Trying to Write a Song in Three Days


I had to have an original song ready to perform (IN FRONT OF PEOPLE) by Saturday, so my bright idea was to start writing on Wednesday. Now, maybe that seems like a lot of time, but if you write music, sometimes that’s just not enough. Sometimes, it’s the kind of night where the concepts are there, in your brain, but they’re stuck to the walls of your skull with honey, so they’re only very slowly dripping out. Or sometimes, they were solidified into cement, so they can come out in big blocks, but then you get nothing else for a few days. But the worst nights are the ones where you don’t have anything at all; no chords, no concepts, not one line to get the ball rolling. Wednesday night, though, was none of these. Wednesday night was great.

Now, that’s not to say I didn’t need some motivation. Before you play in a big game, you watch game highlights and film to get a feel for how your formation should look. You watch videos of teams in the past celebrating their wins so that you can harness that feeling. It’s the same thing with music, for me anyway; if I can get into the headspace of musicians I love, then I can write music I’ll love. So, I compiled some of my songwriting hype songs.

First, we have YUNGBLUD’s “god save me, but don’t drown me out”. Dom always makes me jealous, because he has this way of bringing all of his fans together, whether you’re a diehard stan or a casual listener. This song in particular has this energy that starts deep in your stomach before it blooms onto your face, and you feel like you can take over the world. The next track is “The Bewlay Brothers” by David Bowie, my favorite from his Hunky Dory album. This is a perfect example of Bowie’s skills in crafting lyrics that you can tell are art, even if you don’t really know what they mean. That’s what he wanted. Gatlin follows Bowie with “I Think About You All The Time”, a song that I see as dark purple, as those gasoline puddles you see on the pavement in October. It’s the kind of song that I could listen to all day, and still be freshly charged to write my own music.

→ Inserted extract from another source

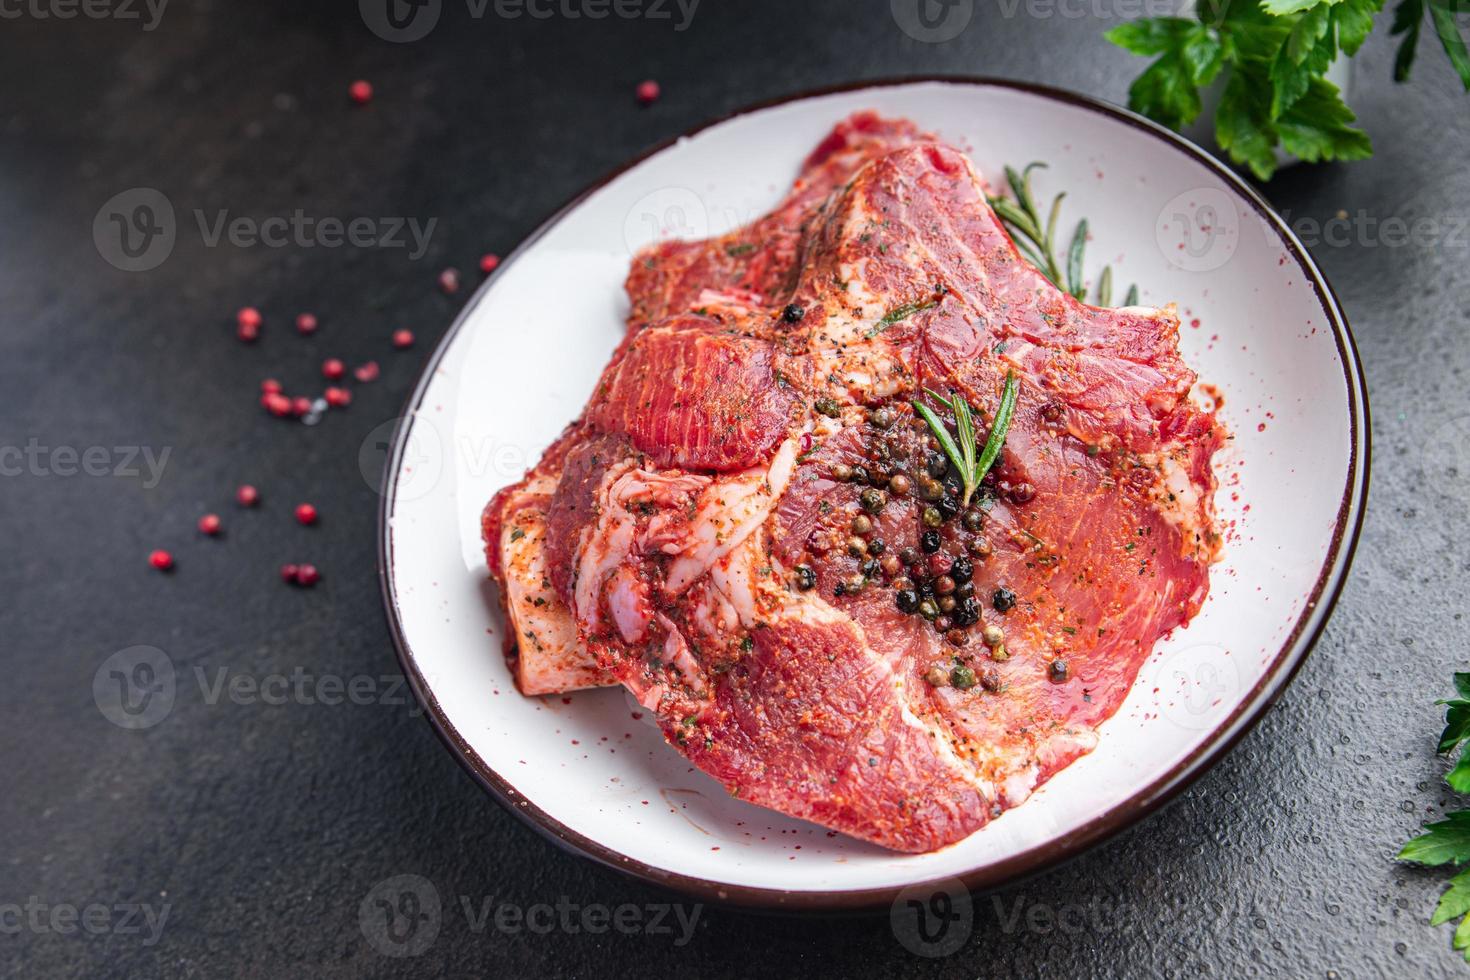 Rohes Fleisch Steak Schweinefleisch frisches Rindfleisch Essen Snack auf dem Tisch kopieren foto

Taylor Swift and Bon Iver absolutely killed “exile”. It’s the song that got me into TS in the first place, and the story they tell shows that your music doesn’t have to be about you to be personal. Following “exile”, I have to include “Still” by Niall Horan. This song fully embodies the “last track on the album” energy; cinematic yet personal, intimate yet big, and he wrote it in seven (7) minutes. If that’s not a hallmark of an incredible songwriter, I don’t know what is.

“Weakness” by Jeremy Zucker exists on its plane with a more minimalist style of production, something I hope to emulate. It makes me feel like I’m sitting on a balcony in the rain, but I somehow stay dry. In The Valley Below follows Zucker with their track “Peaches”, a concert track in my opinion. It makes me want to play some festival in a much-too-dry climate with people in floppy hats jumping with their friends to my song that they don’t know, and won’t remember the next day. “So I Don’t Let Me Down” by Clinton Kane is here because of Clinton himself. He shows his writing process on social media, and the amount of joy you can tell he’s feeling when he listens to the finished product is something I can only hope I experience. The song is beautiful as well; he writes about losing yourself with an ironic amount of self-awareness and assurance.

The 1975’s “Be My Mistake” is a song I’ve written about before on my column, but this wouldn’t be a piece about songwriting if I didn’t include it again. The lyrical gymnastics that this band performs with this song is so genius to me. The crudeness of the lyrics themselves somehow makes the underlying message so much softer and so much purer. Two certain lines in the song make me scrunch up my face with how hard they hit me; I’ve explained them to people and seen that same realization hit them once they know what Matty Healy meant by his words. It’s just incredible.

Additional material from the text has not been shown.